→ **Given information**:

- - - -

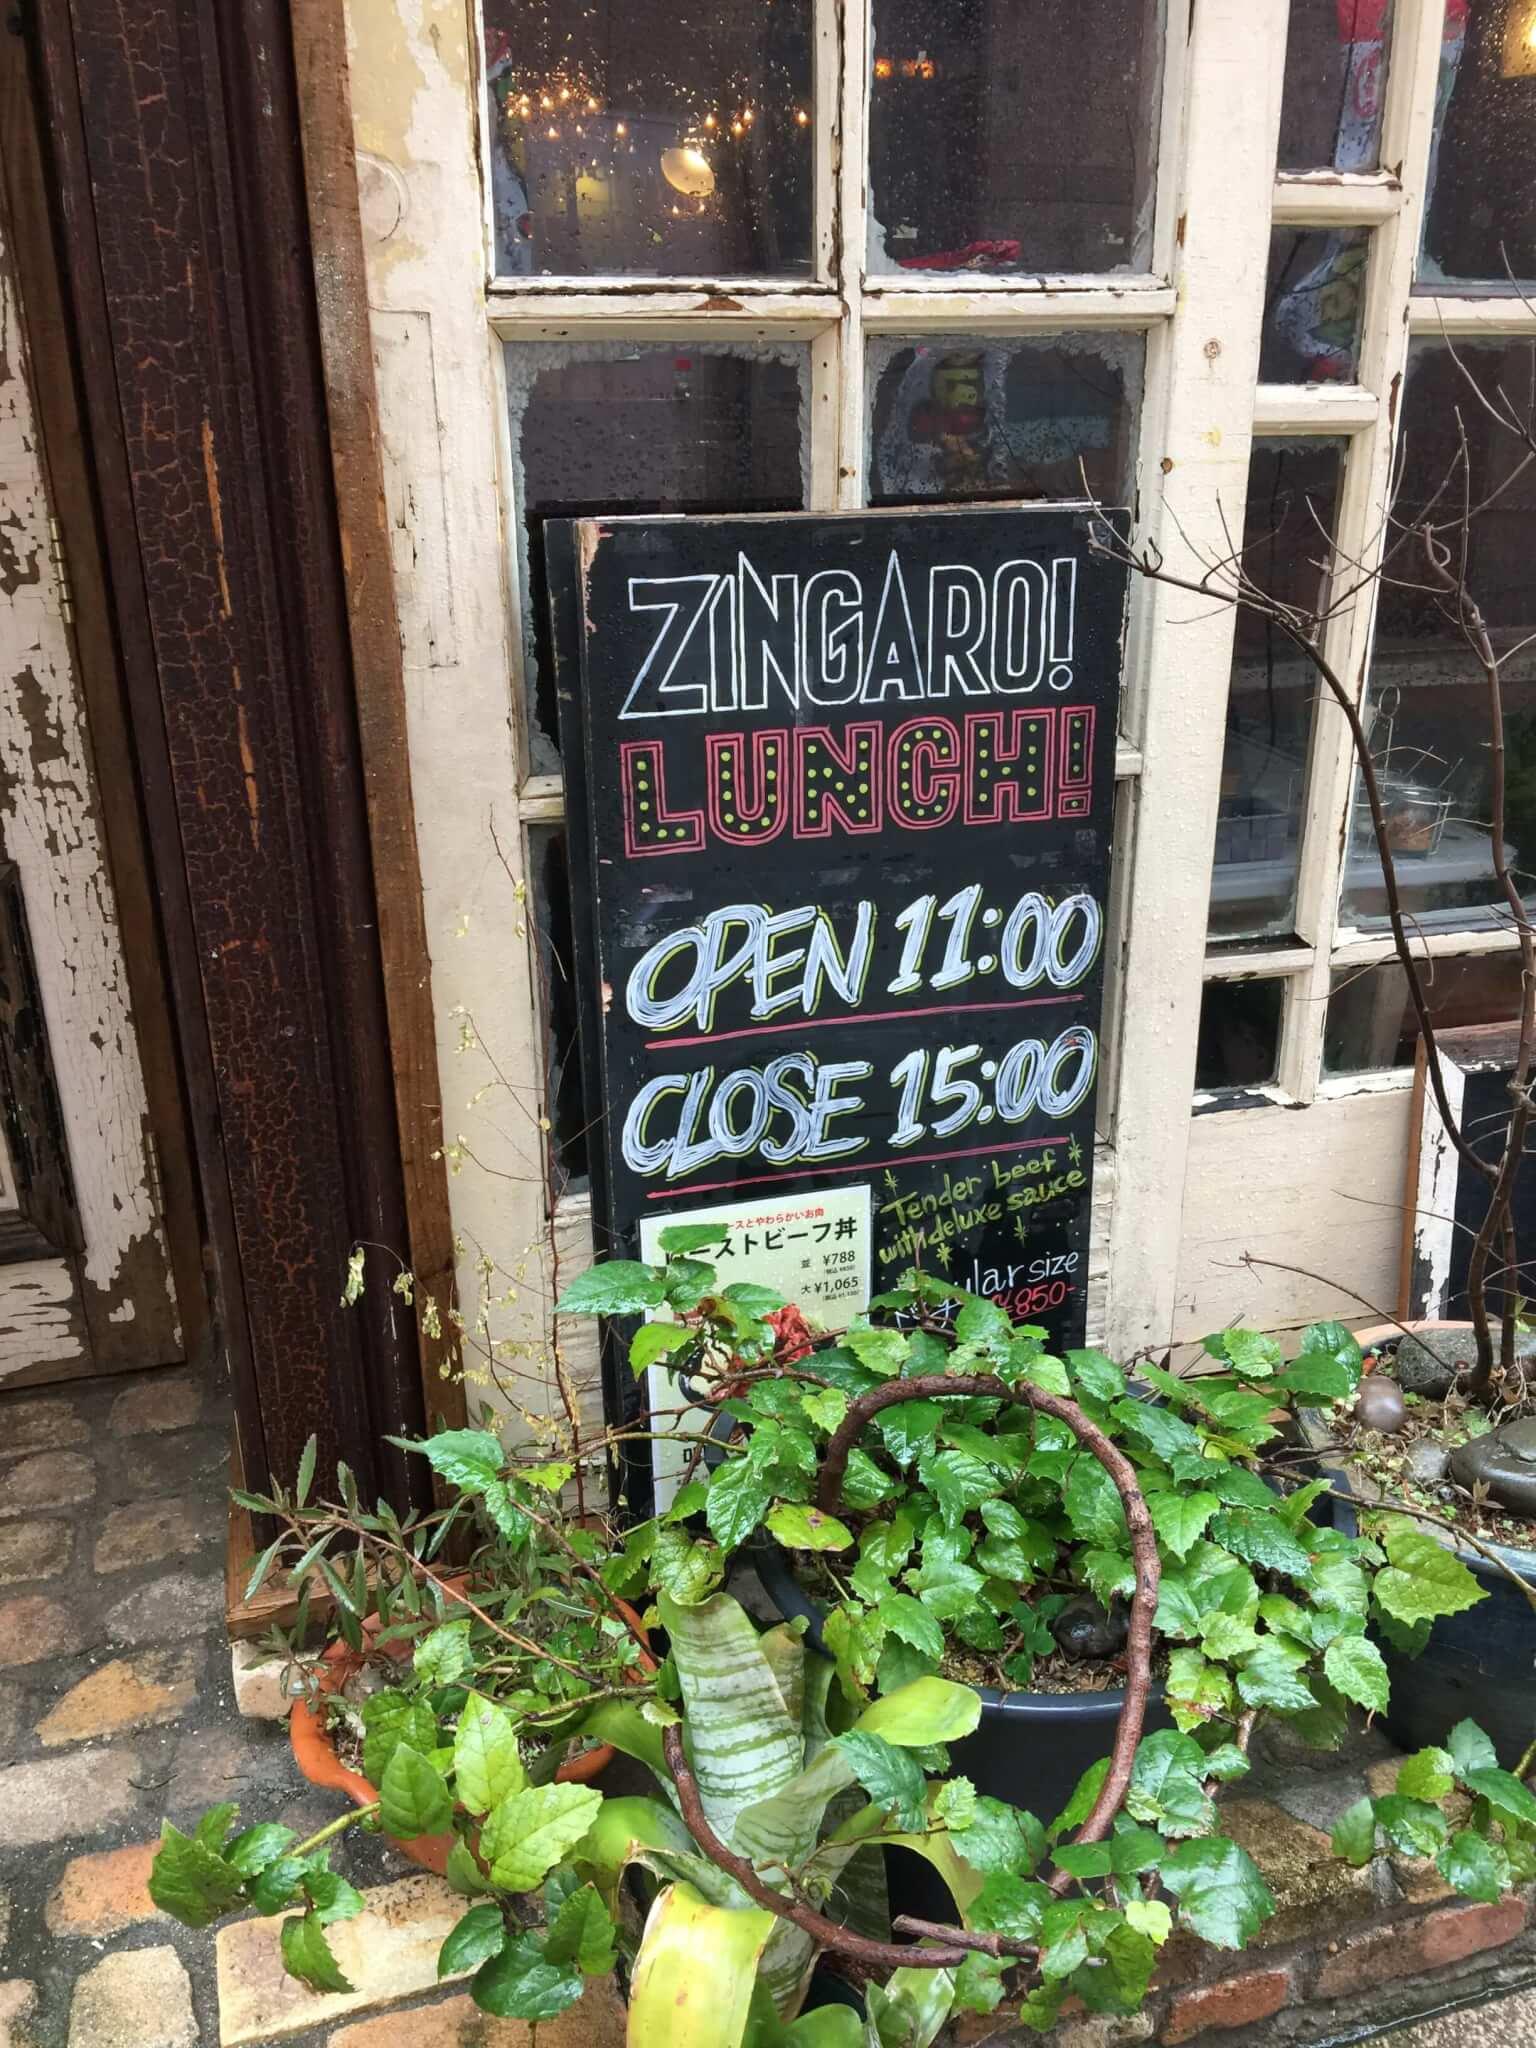 鹿児島zingaroの営業時間看板
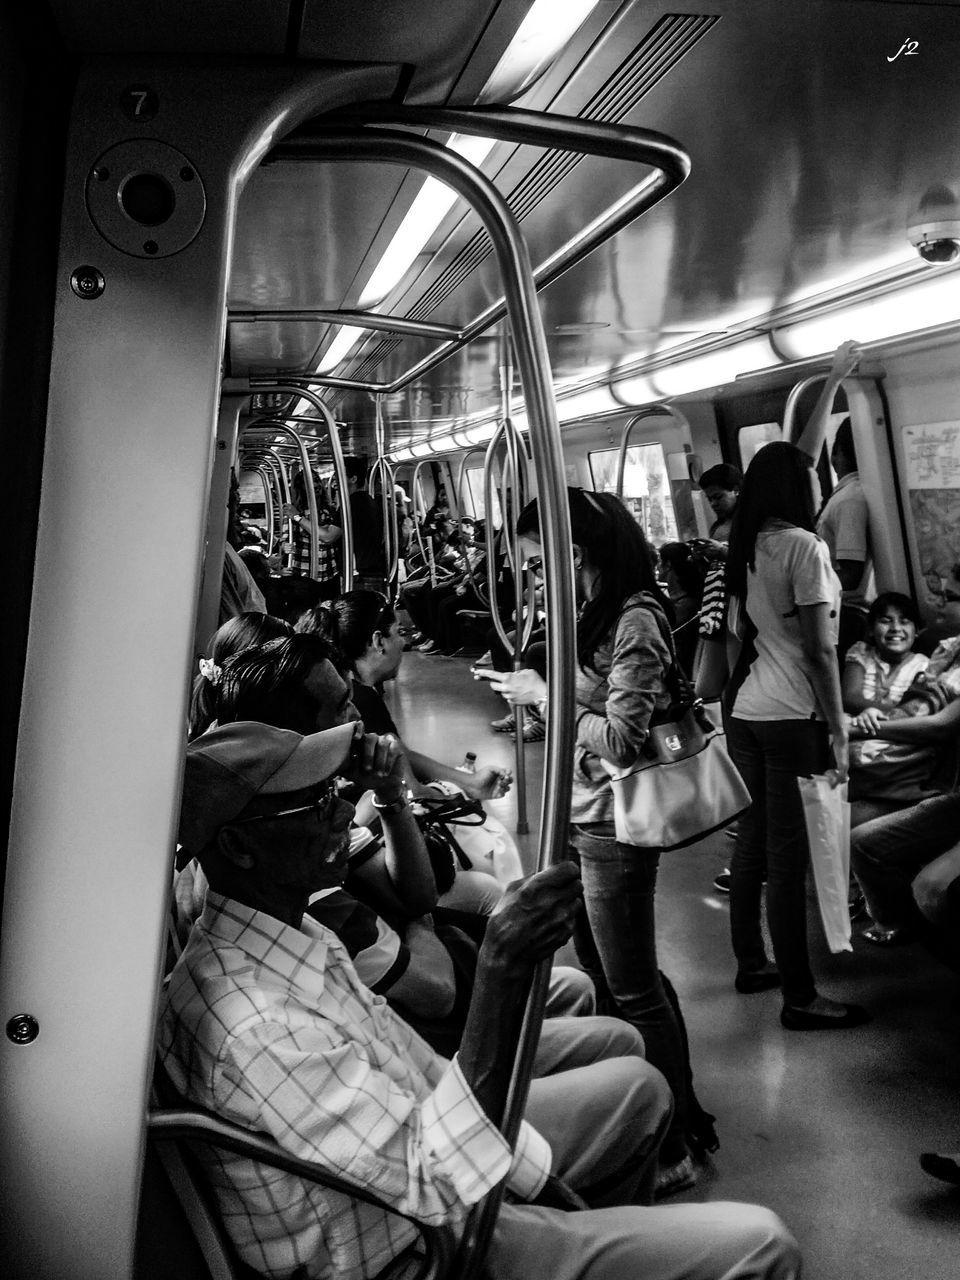 public transportation, large group of people, real people, subway train, women, transportation, men, lifestyles, illuminated, indoors, sitting, vehicle seat, commuter, night, commuter train, adult, people
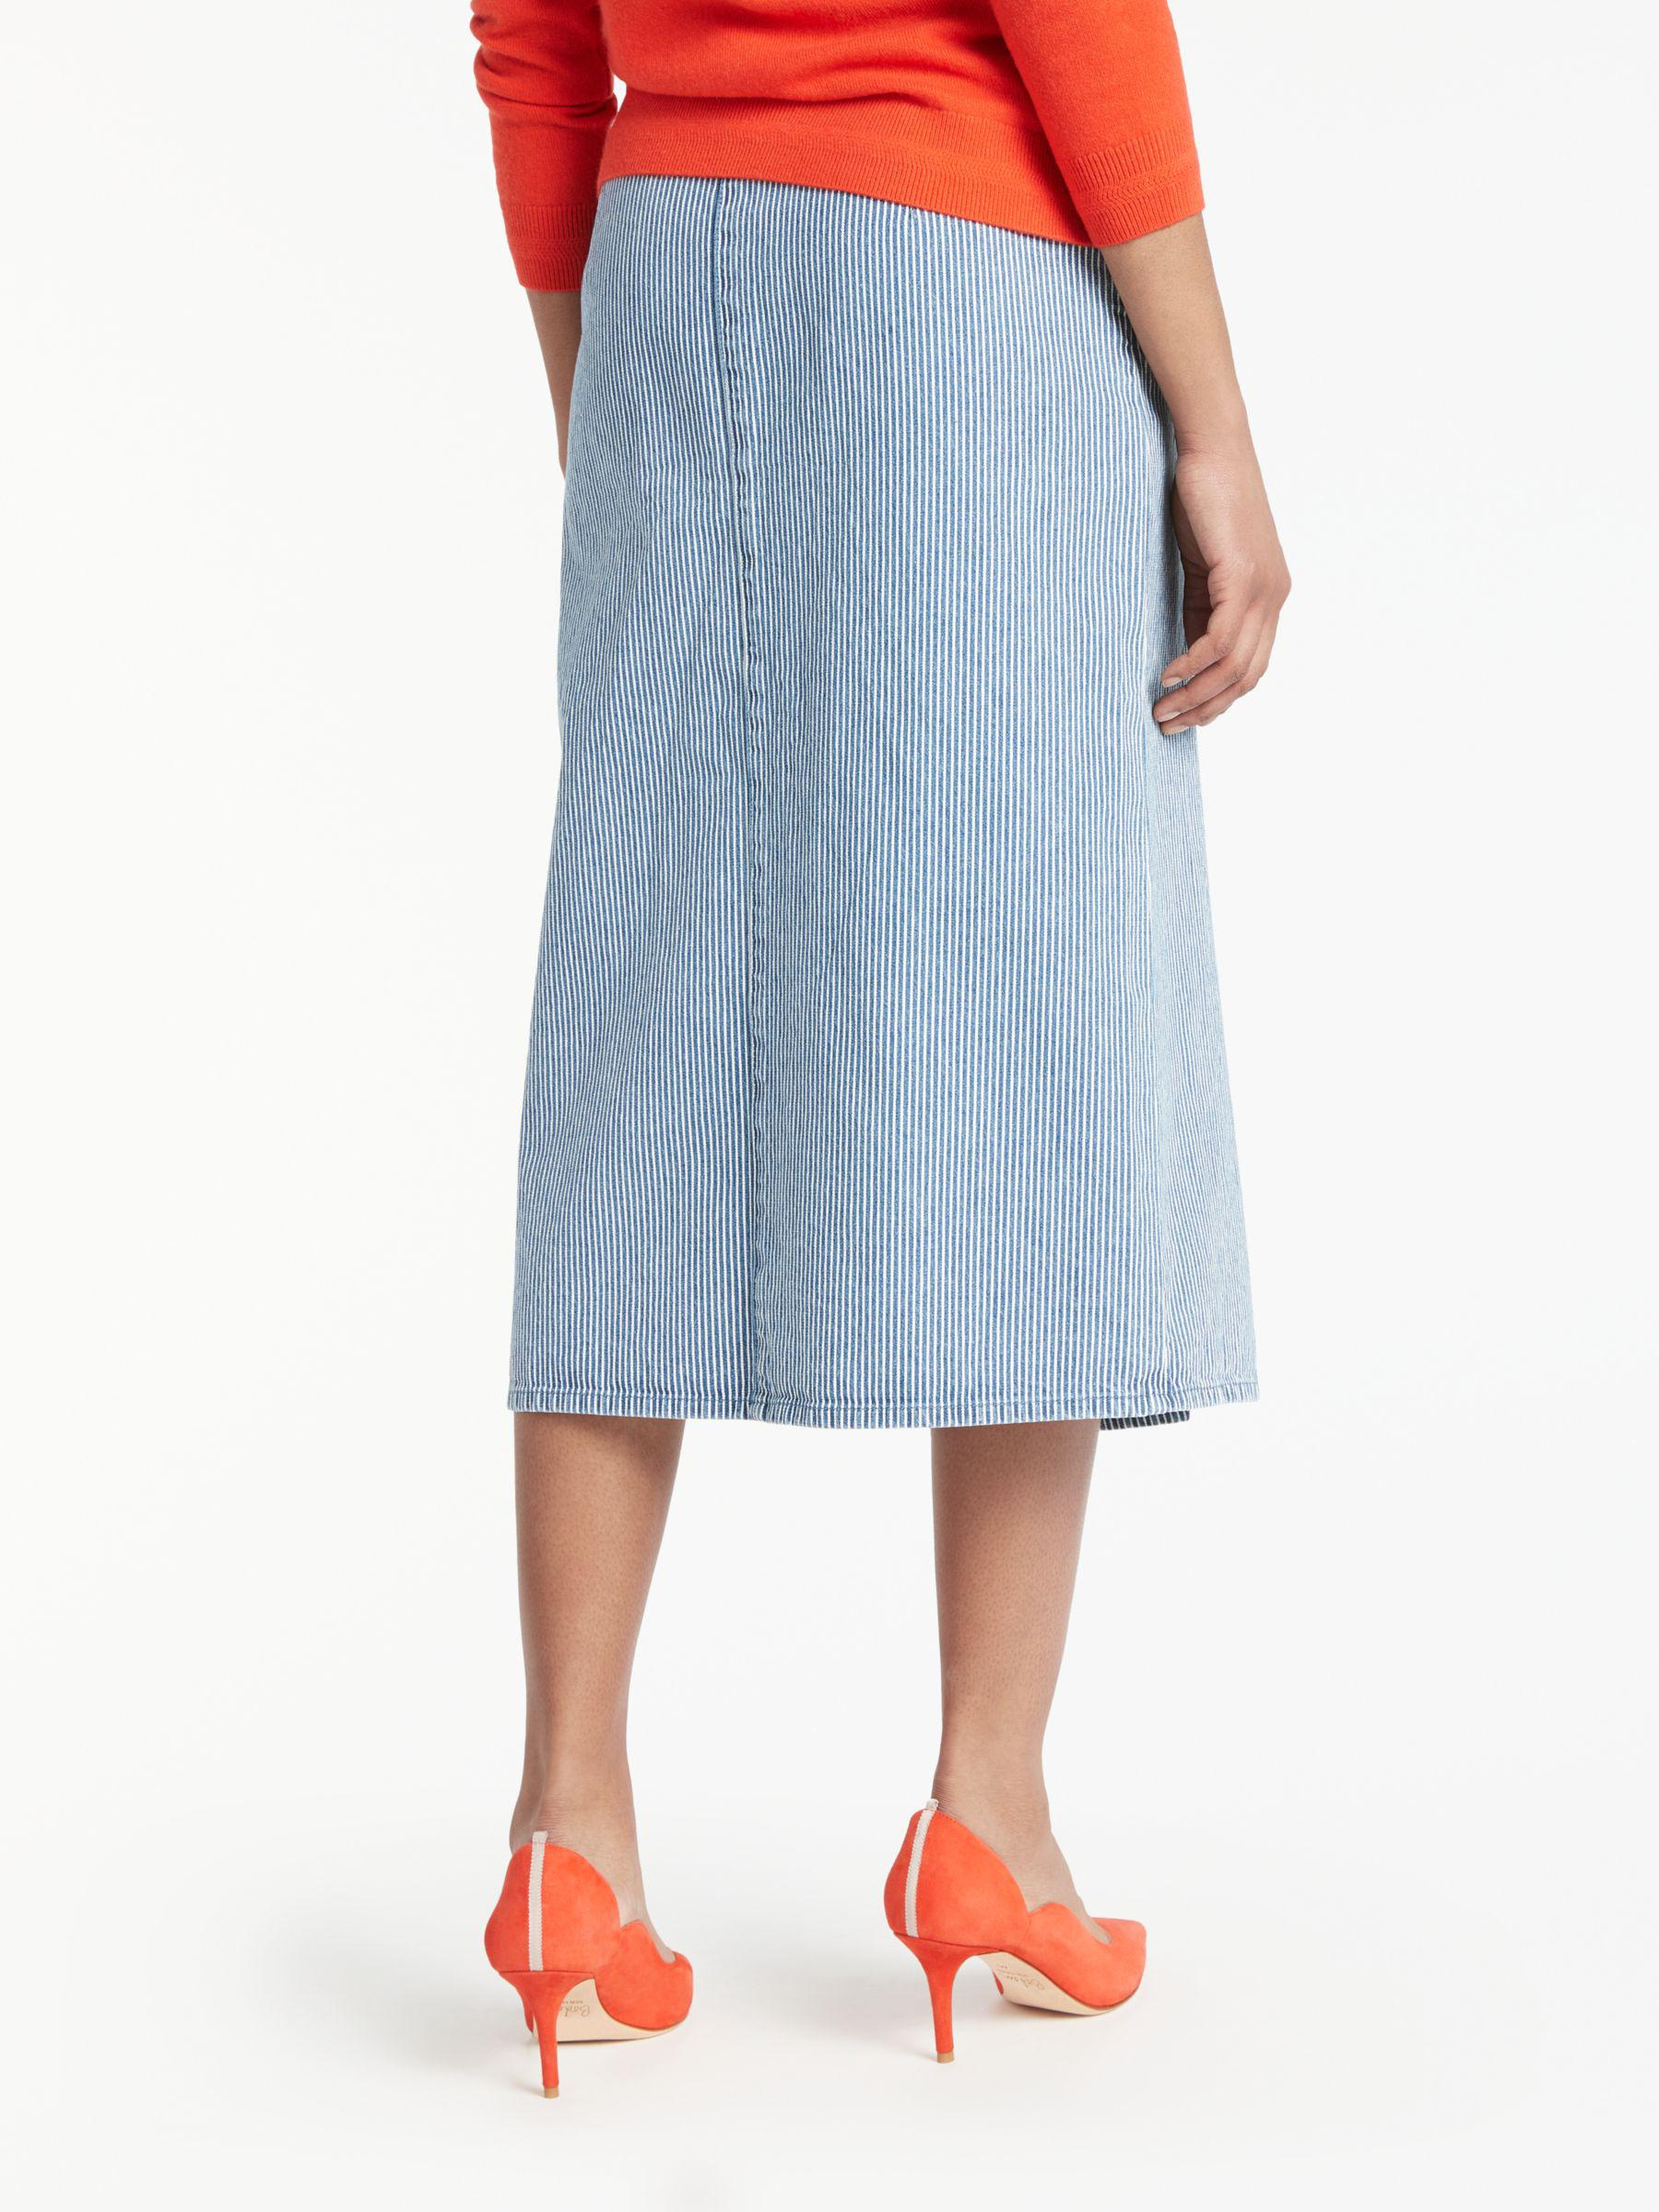 5d5f2675bf Boden Mira Denim Skirt in Blue - Lyst

- - - -

In full and without change, repeat the material above, minus the pictures.

 鹿児島zingaroの営業時間看板
 public transportation, large group of people, real people, subway train, women, transportation, men, lifestyles, illuminated, indoors, sitting, vehicle seat, commuter, night, commuter train, adult, people
 5d5f2675bf Boden Mira Denim Skirt in Blue - Lyst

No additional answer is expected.